Heterogeneous System Architectures: A Strategy to Use Diverse Components
Abstract: Current system architectures rely on a simple approach: one compute node design that is used across the entire system. This approach only supports heterogeneity at the node level. Compute nodes may involve a variety of devices but the system is otherwise homogeneous. This design simplifies scheduling applications and provides consistent expectations for the hardware that a job can exploit but often results in poor utilization of components. The wide range of emerging devices for AI and other domains necessitates a more heterogeneous system architecture that varies the compute node (or volume) types within a single job.
Lawrence Livermore National Laboratory (LLNL) is currently exploring such heterogeneous system architectures. These explorations include the use of novel hardware to accelerate AI models within larger applications and initial software solutions to overcome the challenges posed by heterogeneous system architectures. This talk will present a sampling of the novel software solutions that enable the heterogeneous system architecture as well as the systems that LLNL has currently deployed.

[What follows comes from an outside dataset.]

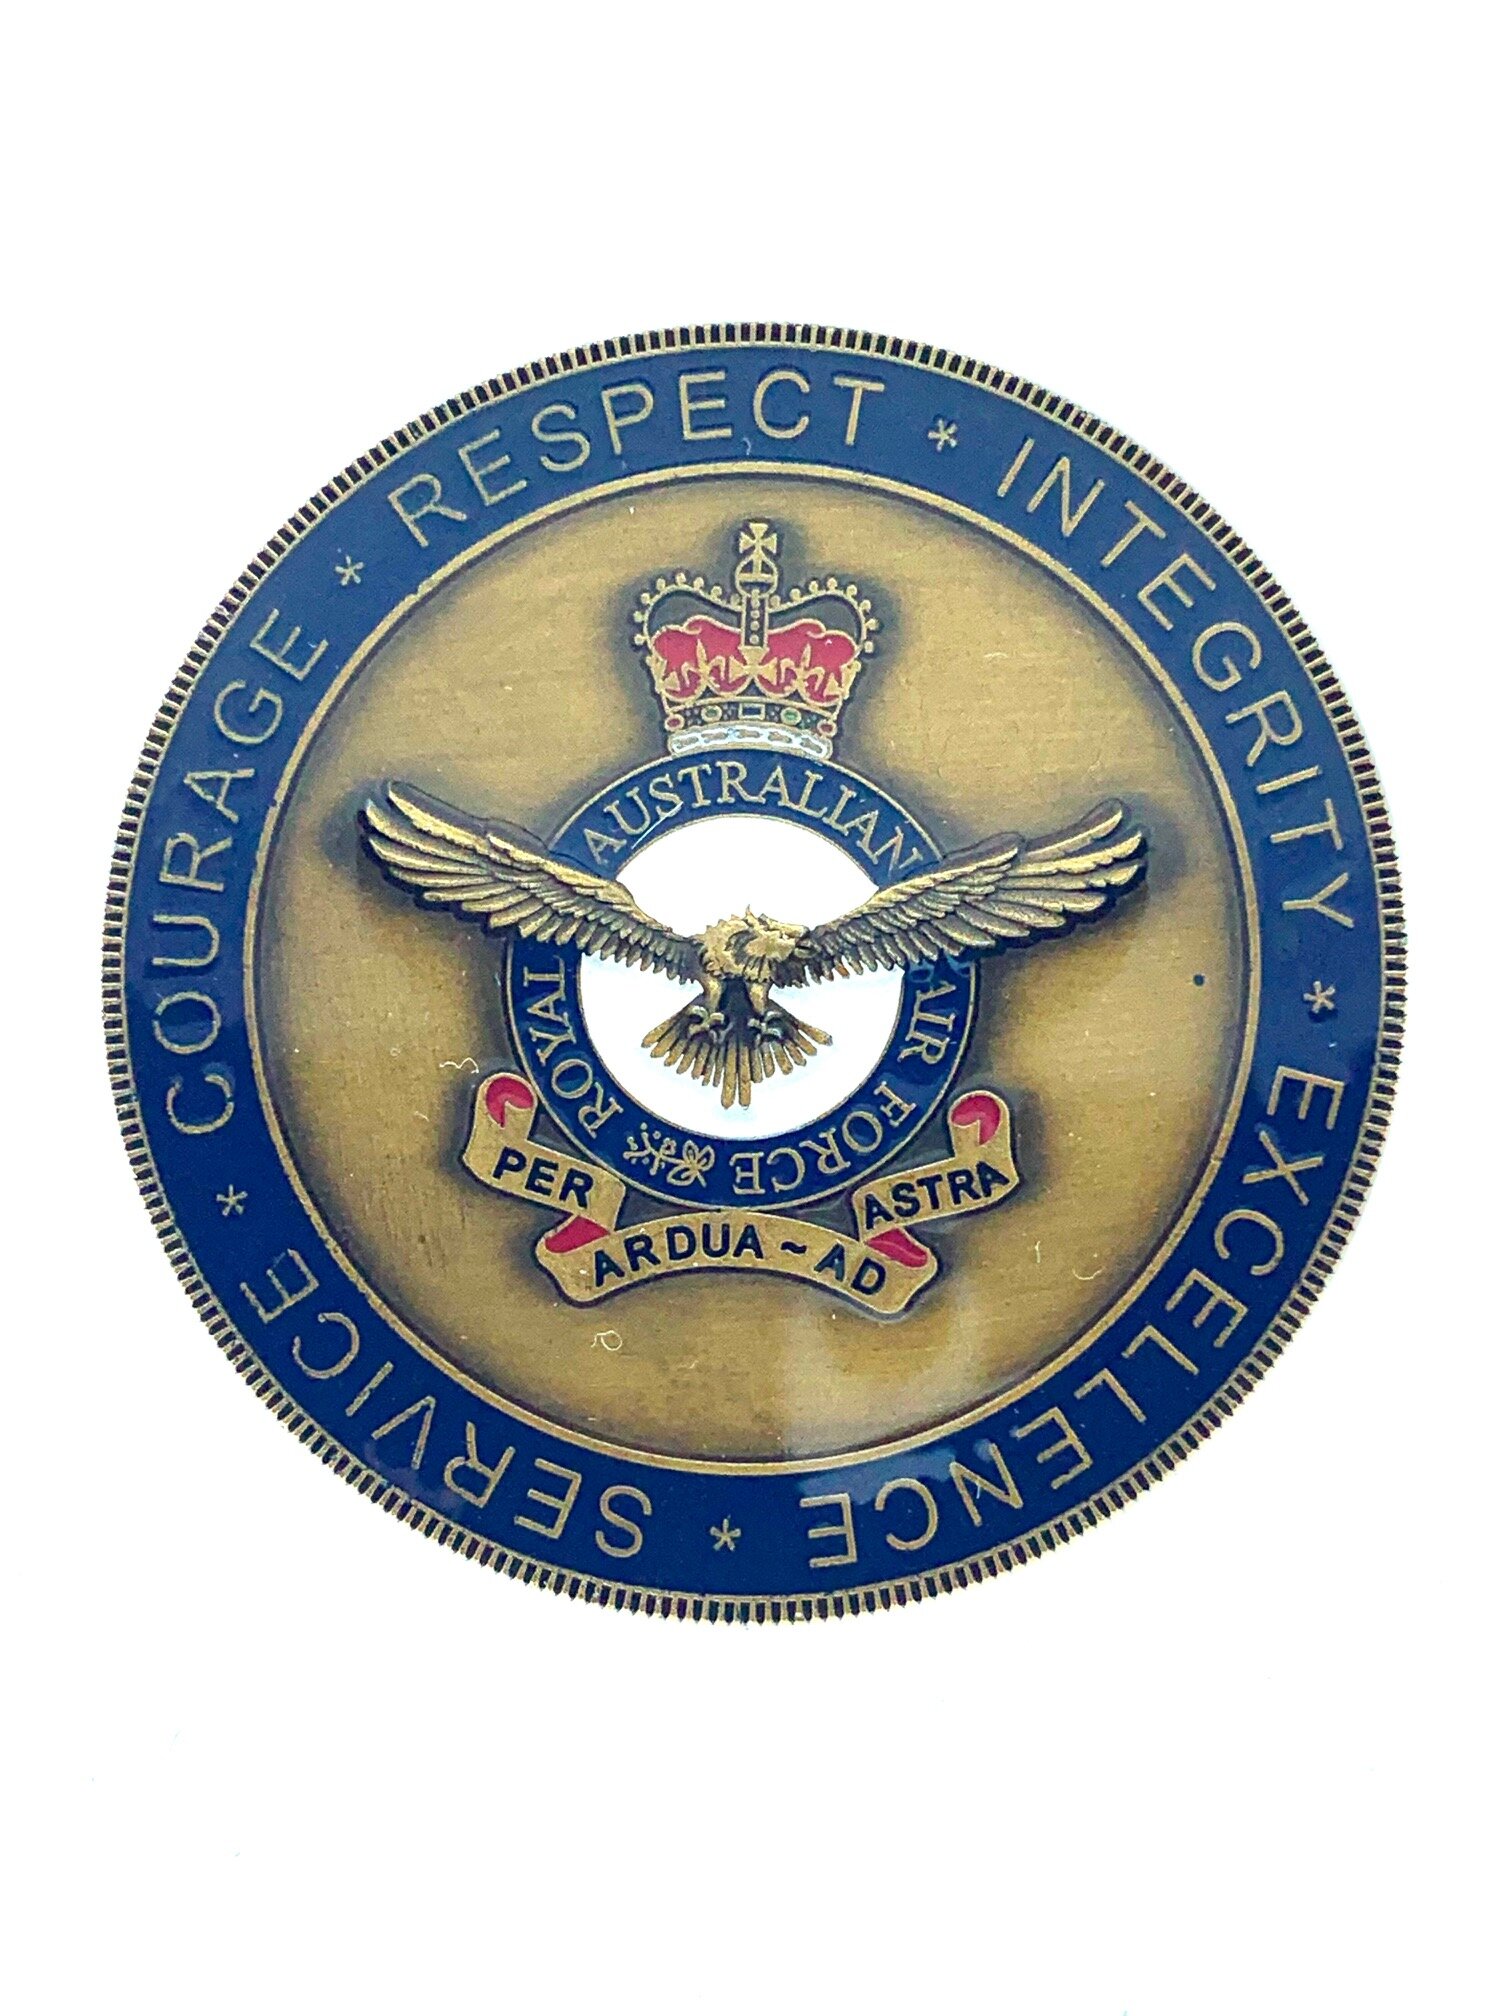 23 Squadron - Commanding Officer - Back

Abstract: Today's AI is too big. Deep neural networks demand extraordinary levels of data and computation, and therefore power, for training and inference. This severely limits the practical deployment of AI in edge devices. We aim to improve the efficiency of neural network design. First, I'll present MCUNet that brings deep learning to IoT devices. MCUNet is a framework that jointly designs the efficient neural architecture (TinyNAS) and the light-weight inference engine (TinyEngine), enabling ImageNet-scale inference on micro-controllers that have only 1MB of Flash. Next I will introduce Once-for-All Network, an efficient neural architecture search approach, that can elastically grow and shrink the model capacity according to the target hardware resource and latency constraints. From inference to training, I'll present TinyTL that enables tiny transfer learning on-device, reducing the memory footprint by 7-13x. Finally, I will describe data-efficient GAN training techniques that can generate photo-realistic images using only 100 images, which used to require tens of thousands of images. We hope such TinyML techniques can make AI greener, faster, more efficient and more sustainable.